Но я отвлеклась. Пришли делать обыск. В мой шкафчик. А там у меня баночки с топленым маслом и несколько бутылок водки (это на обмен тоже). Один бандит другому на водку кивает, а тот ему — брови нахмурил, головой трясет: нет, нет… Стали выходить, первый опять подмигивает… Ну если бы соседей в комнате не было, взяли бы они и масло и водку. Но соседи стояли и глядели во все глаза, мне показалось тогда — злорадствовали.
Одиннадцатилетняя Агуля осталась одна. Целый месяц она с этими соседями прожила, им ее кормить приходилось, пока Михаил Давыдович за ней не приехал…
И вот проходит много лет, много черных лет — тюрьма, лагерь, годы бесправия — и вдруг реабилитация!
Помню, на Арбате это было, кажется, там, где табличка «Военный трибунал». Принял меня генерал, он «гениальнейшего», как и я, ненавидел, крепко пострадал тоже.
Смотрит мое дело.
— Не понимаю, — говорит, — за что вас арестовали!
— Я тоже не понимаю… Может, за то, что я жена Миронова?
— Может быть, может быть… — говорит рассеянно, неуверенно, листает дело… Ищет. Не нашел ничего о Миронове. Но вот вдруг на что-то наткнулся, промычал неопределенно: «Гм… да… вот». И быстро поднял глаза на меня.
— Не будем ворошить старое… — говорит примирительно, — подпишите вот тут вот, что получили реабилитацию.
И дает мне «дело». Мое «дело»!
И я вдруг вижу бумажку — донос! Мелькнуло «антисоветские разговоры», я жадно дальше — подписи: «Караваев, Генина, Синявская»! Мои соседи по Куйбышеву!

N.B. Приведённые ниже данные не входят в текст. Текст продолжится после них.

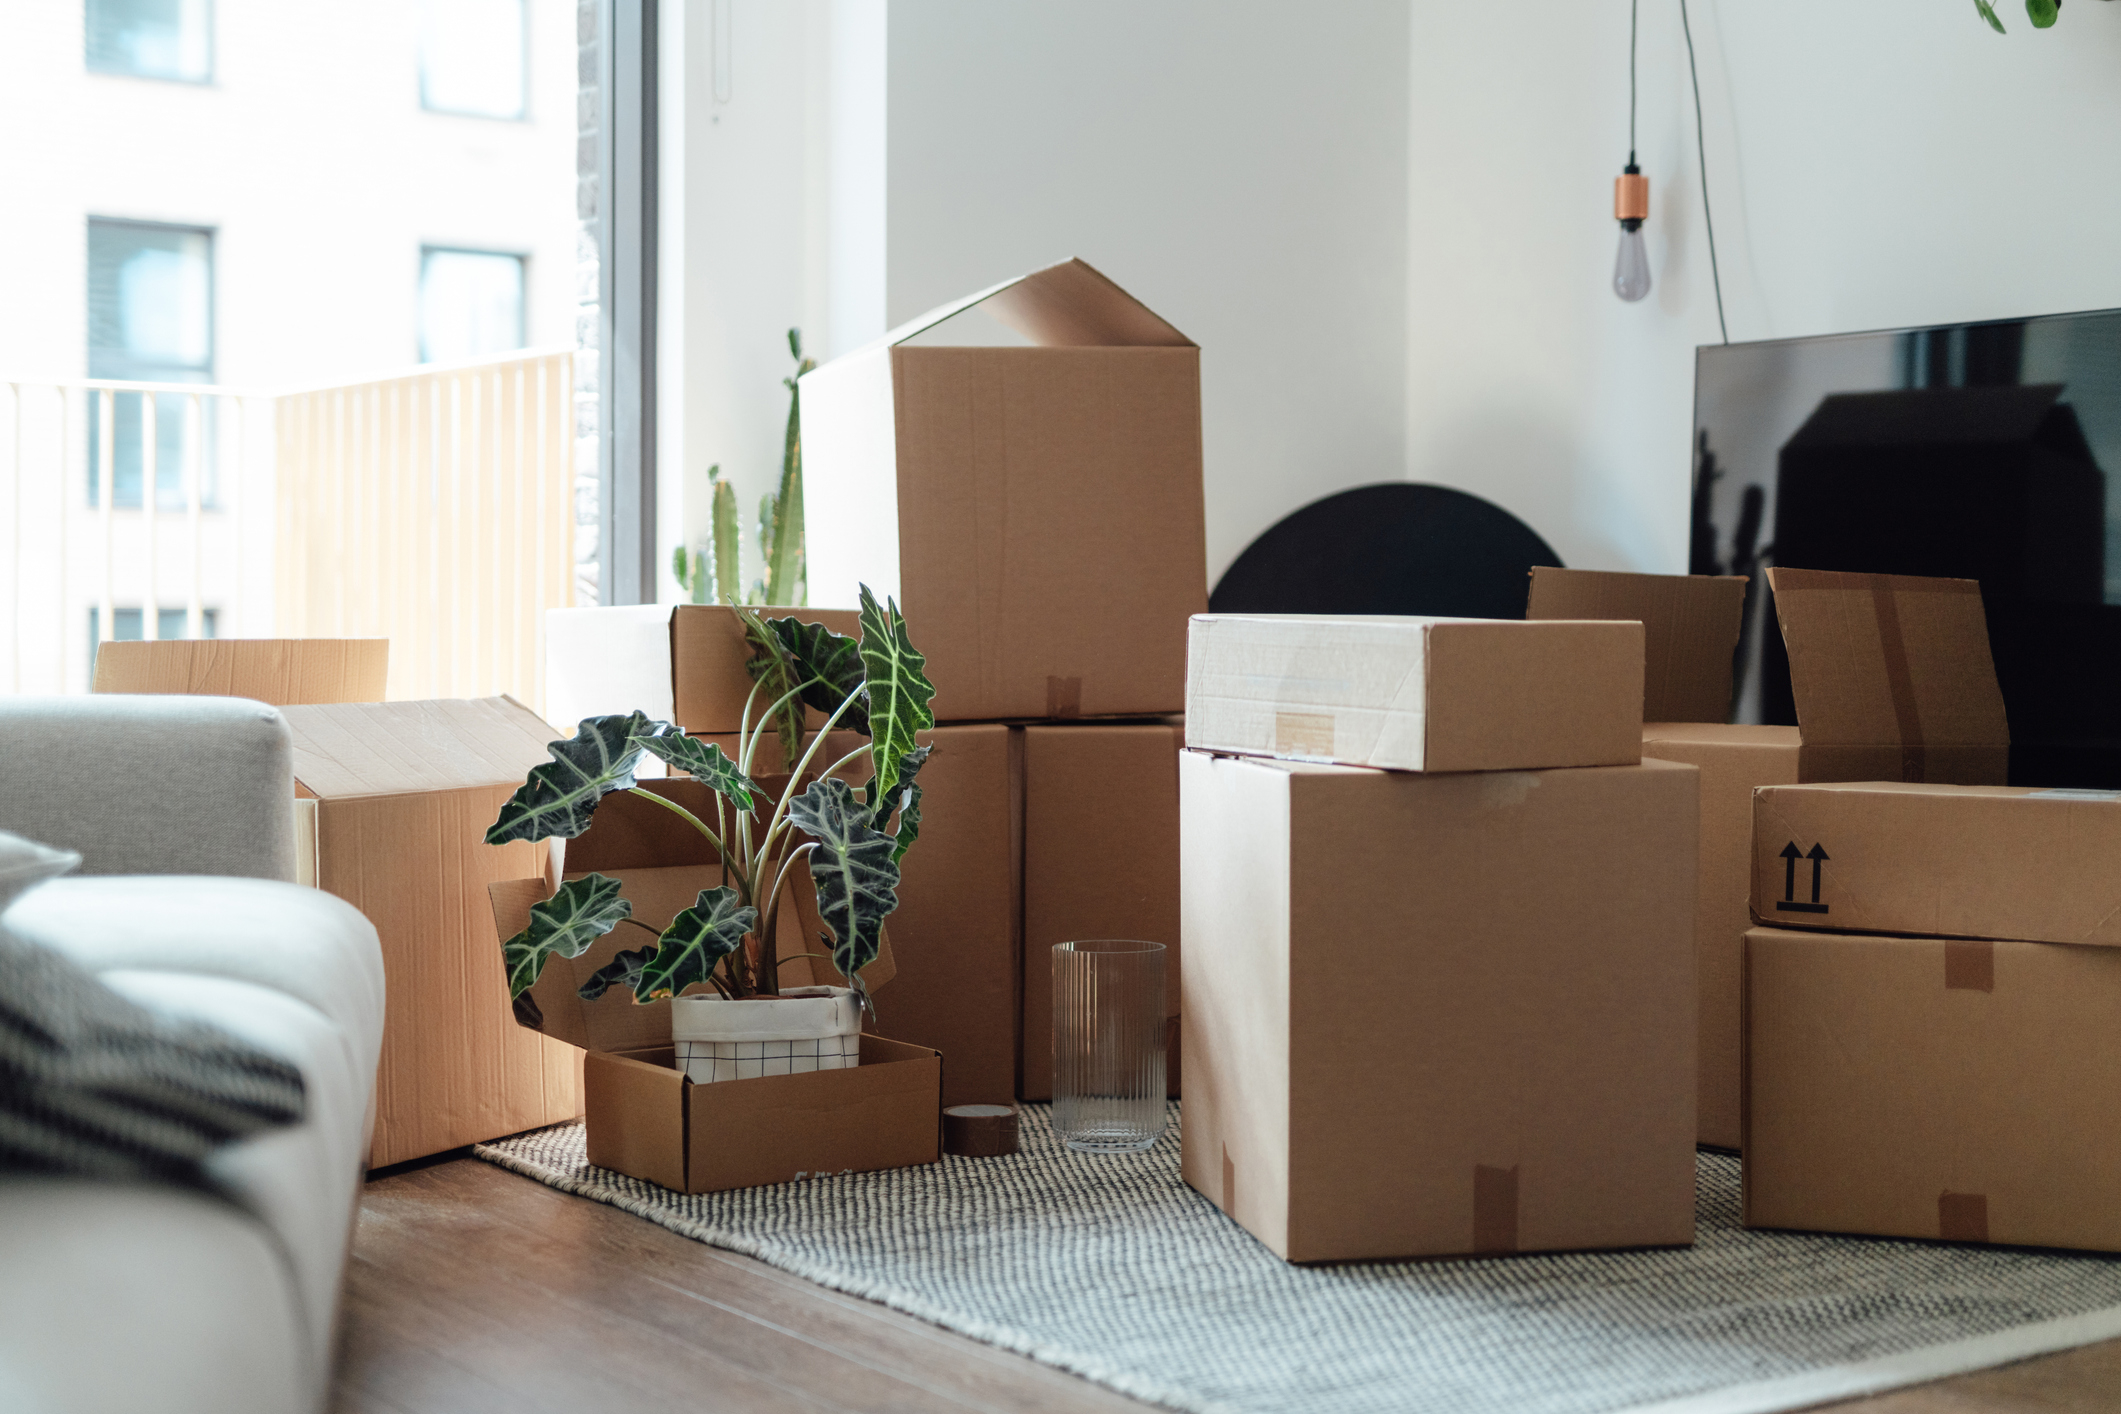 Living room with unpacked boxes, suggesting a recent move. A plant is visible among the boxes

Тут уж я вцепилась в «дело», читаю, читаю, а там на меня написано: говорила то-то и то-то, что «электрическое напряжение плохое, что ничего нигде не купишь, что водопровод замерз…», и т. д., и т. д. Вот и получились «антисоветские разговоры»!
Генерал пытается осторожно у меня «дело» забрать, а я — не даю.
— Я им этого не оставлю!
Он тогда мягко:
— Агнесса Ивановна, знаете что? Вас реабилитировали? Реабилитировали. А это… — И махнул рукой — бросьте, мол, зачем вам это?
Михаил Давыдович тогда уже был дома, он тоже мне говорит — оставь, не надо, пусть живут. Откуда мы знаем, может быть, их заставили на тебя написать?
Ну я и не стала связываться.
Но иногда ночью вдруг проснусь, как током прошьет. Караваев, та обезьяна, что ночью ко мне под одеяло лазал, Генина, которая керосинку выпрашивала, Синявская, которой я давала пледом укрываться!.. Прошьет так током, и начинает точить мысль — неужто они благополучной жизнью наслаждаются?
Так они мне отплатили за все.
Вот и выходит, что меня арестовали за керосинку.
А когда мы снова с Машей встретились, я уже знала про донос. Маша Синявская очень мне обрадовалась: «Майя, милая, дорогая!» А я смотрю и думаю: знаешь ты или нет? И понимаю, чувствую — ничего не знает.
Она была спокойный, уравновешенный, очень принципиальный человек. Пьющего отца она стыдилась, жалела. Когда в 1943 году был приказ о демобилизации девушек-студенток (а она была студентка истфака), Маша демобилизоваться отказалась: «Идет такая страшная война, — сказала она, — сейчас надо не учиться, а воевать». И пошла на фронт.
Она меня затащила к ним. Ее мать — та самая — ко мне целоваться: «Маечка, Маечка!» И расспрашивать: «А как там Агнесса Ивановна поживает? Как мы с ней дружно жили!» Прямо поет, глаза льстивые. Мне бы ей сказать, чьих рук это дело, а я… не смогла. Стыдно мне за нее, неловко. Я смолчала. И сделала вид, что ничего не знаю.
Но с Машей я больше не встречалась. Хотя Маша-то здесь была ни при чем.
Когда отец узнал, что Агнесса арестована, он стал отчаянно «стучать головой в закрытую дверь». Куда только не писал — и в прокуратуру, и самому Берии — добивался приема. Если удавалось куда-то пробиться — доказывал, что это ошибка, что она ни в чем не может быть виновата. Берии он писал, что, мол, если она виновата, «то и я — враг народа»! Он был вне себя, он был слеп.